The hypothesis was that people who used particular basic word orders would have more children.  Testing this hypothesis directly, basic word order is a significant predictor of the number of children a person has (linear regression, controlling for age, sex, if the person was married, if they were employed their level of education and religion, t-value for basic word order = -18.179, p < 0.00001, model predicts 36% of the variance).  It turns out that speakers of SOV langauges have more children than speakers of SVO languages, while speakers with no dominant order have the fewest children on average (there wasn’t enough data for other word order types).  Indeed, in the strict interpretation of Evolution, SOV order is the fittest variant, since it is linked with having more offspring:

An explanation might be found in information theory:  When hearing a sentence, you want the most unpredictable information at the start.  If you only have one child, then if you know the sentence is about them (the Subject) what you want to know next is what they’ve done (the Verb).  For instance, “Harry smashed the window”.  Hence, SVO order.  However, if you’ve got more than one child, then what you want to know after the perpetrator is who they’ve done it to.  For instance “Harry Hannah Hit”.  Hence, SOV order.

Actually, a more interesting hypothesis is that having more children around influences the learning pressures on language.  If children find SOV easier to process or learn, there is a pressure on langauge to change to fit their cognitive niche.  Therefore, we should expect societies with more children to exhibit this word order.  Indeed, some previous studies suggest that SOV order is the most basic or ancestral form historically (Luke Maurits, in press, RT coverage, paper, video lecture,  Gell-Mann & Ruhlen, 2011 – see post).  However, Maurits’ work suggests that SVO is actually more efficient from an information-theoretic perspective.  Do children have different cognitive biases?  Alternatively, if children can negotiate their communication system with their parents (as Suzanne Quay argues), then they might push for SOV order more often.  I’m not sure there’s a lot of support for this, though.

Relative strength

The results above show the absolute strength of the relationship between word order and number of children.  However, given that there are many links between social and linguistic variables, and indeed, we should expect cultural variables to be correlated at a rate greater than chance due to geographic diffusion.  A much more robust approach is to hypothesise that basic word order will predict the number of children a speaker has better than any other linguistic variable.  Therefore, I tested every linguistic variable in the WALS.

I ran a number of linear regressions with the number of children as the dependent variable and the linguistic variable as the independent variable, controlling for age, sex, if the person was married, if they were employed, their level of education and their religion.

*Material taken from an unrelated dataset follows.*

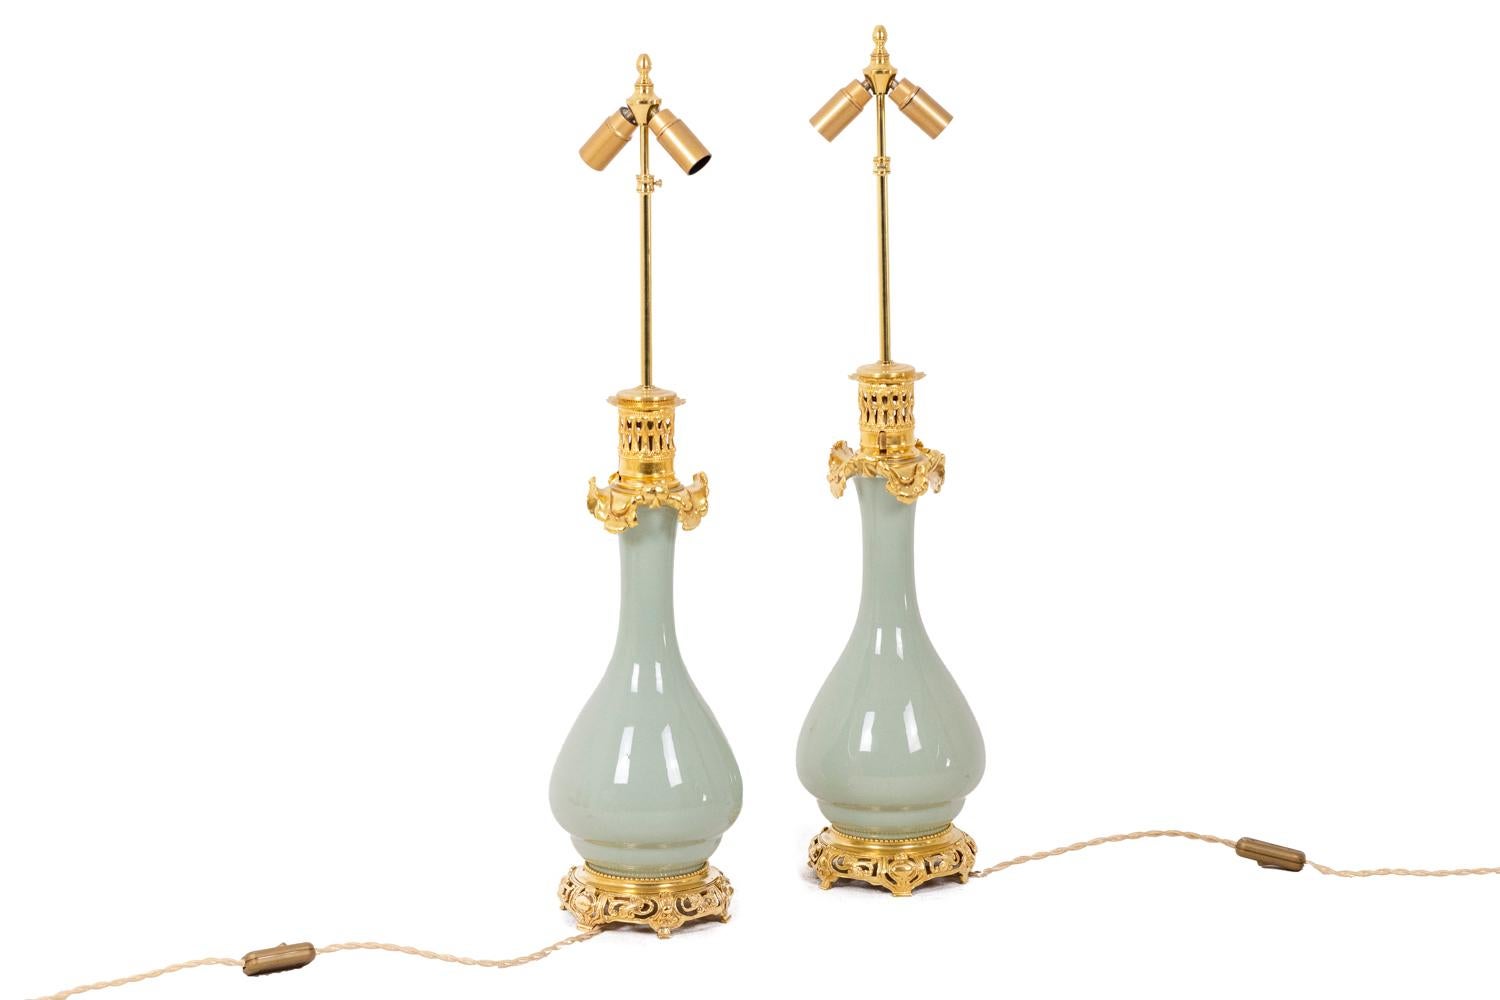 Pair of celadon porcelain lamp, solid color. Gilded and chiseled bronze, the top of the frame presenting an openwork grid and a decoration of wavy leaves. Openwork circular base decorated with scrolls and cartouches, the top of the base decorated

We can then look at the top predictors by the magnitude of the F-score of the coefficient for the linguistic variable.  Here are the top 11 predictors out of the 142 linguistic variables:

Rank F Linguistic Variable Levels
11 -18.178 Order of Subject, Object and Verb 4
10 -18.259 Distributive Numerals 5
9 -18.392 Nominal and Locational Predication 2
8 18.7233 Position of Case Affixes 4
7 -18.921 Number of Cases 6
6 19.6516 The Prohibitive 4
5 -20.585 Voicing and Gaps in Plosive Systems 3
4 21.0051 Presence of Uncommon Consonants 4
3 21.5613 Order of Adjective and Noun 3
2 21.6676 Distance Contrasts in Demonstratives 4
1 -23.106 Front Rounded Vowels 3

The order of Subject, Object and Verb is the 11th best linguistic predictor of the number of children a person has. Christos was on to something.

Order of Subject, Object and Verb are in the top 15% of linguistic variables.

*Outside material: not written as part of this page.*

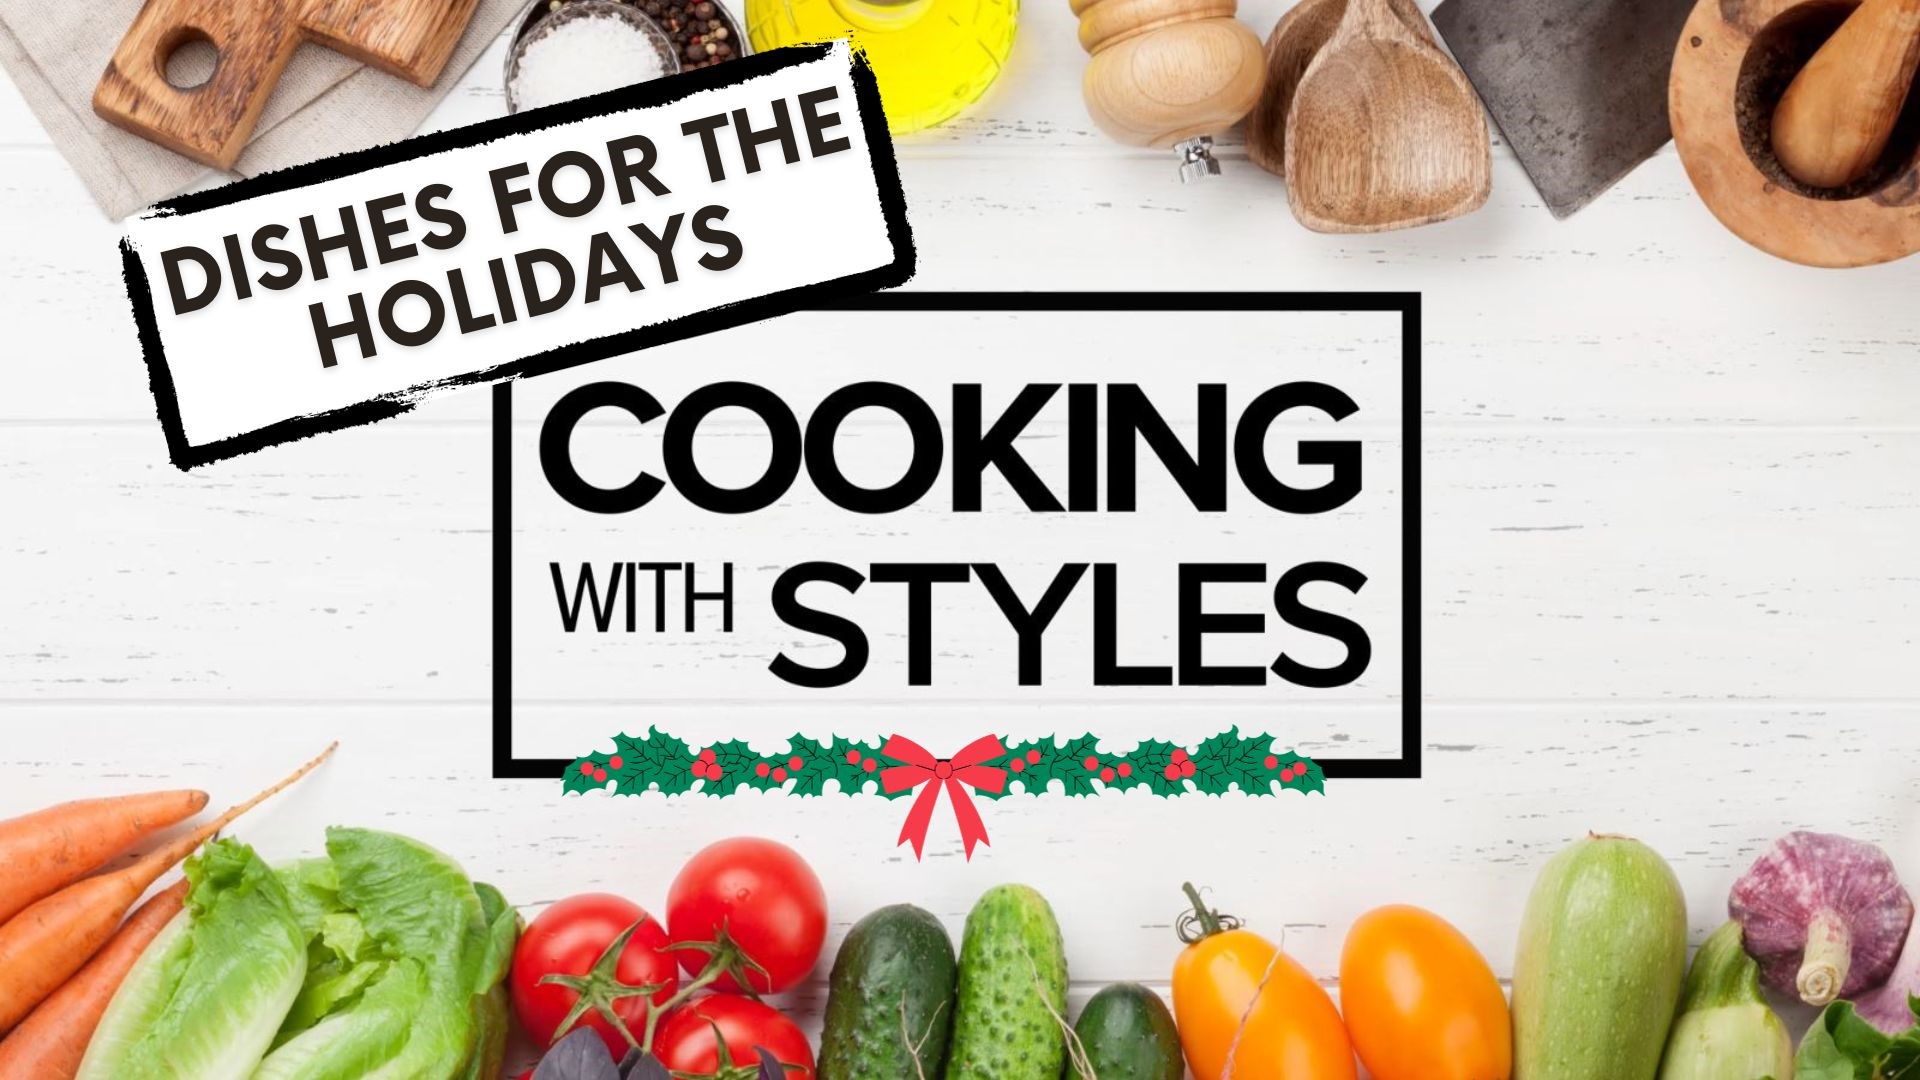 Shawn Styles shares some of his favorite dishes for those upcoming holiday parties or family get togethers.

A stepwise regression including the control variables and the top 15 linguistic variables resulted in the following model which accounted for 37% of the variance (Linguistic variables sorted by significance at the top).  The order of Subject, Object and Verb does make it in, but it is the weakest linguistic predictor.  I’ve included the results for religions.  Note that this data encodes religions beliefs but also geographic region.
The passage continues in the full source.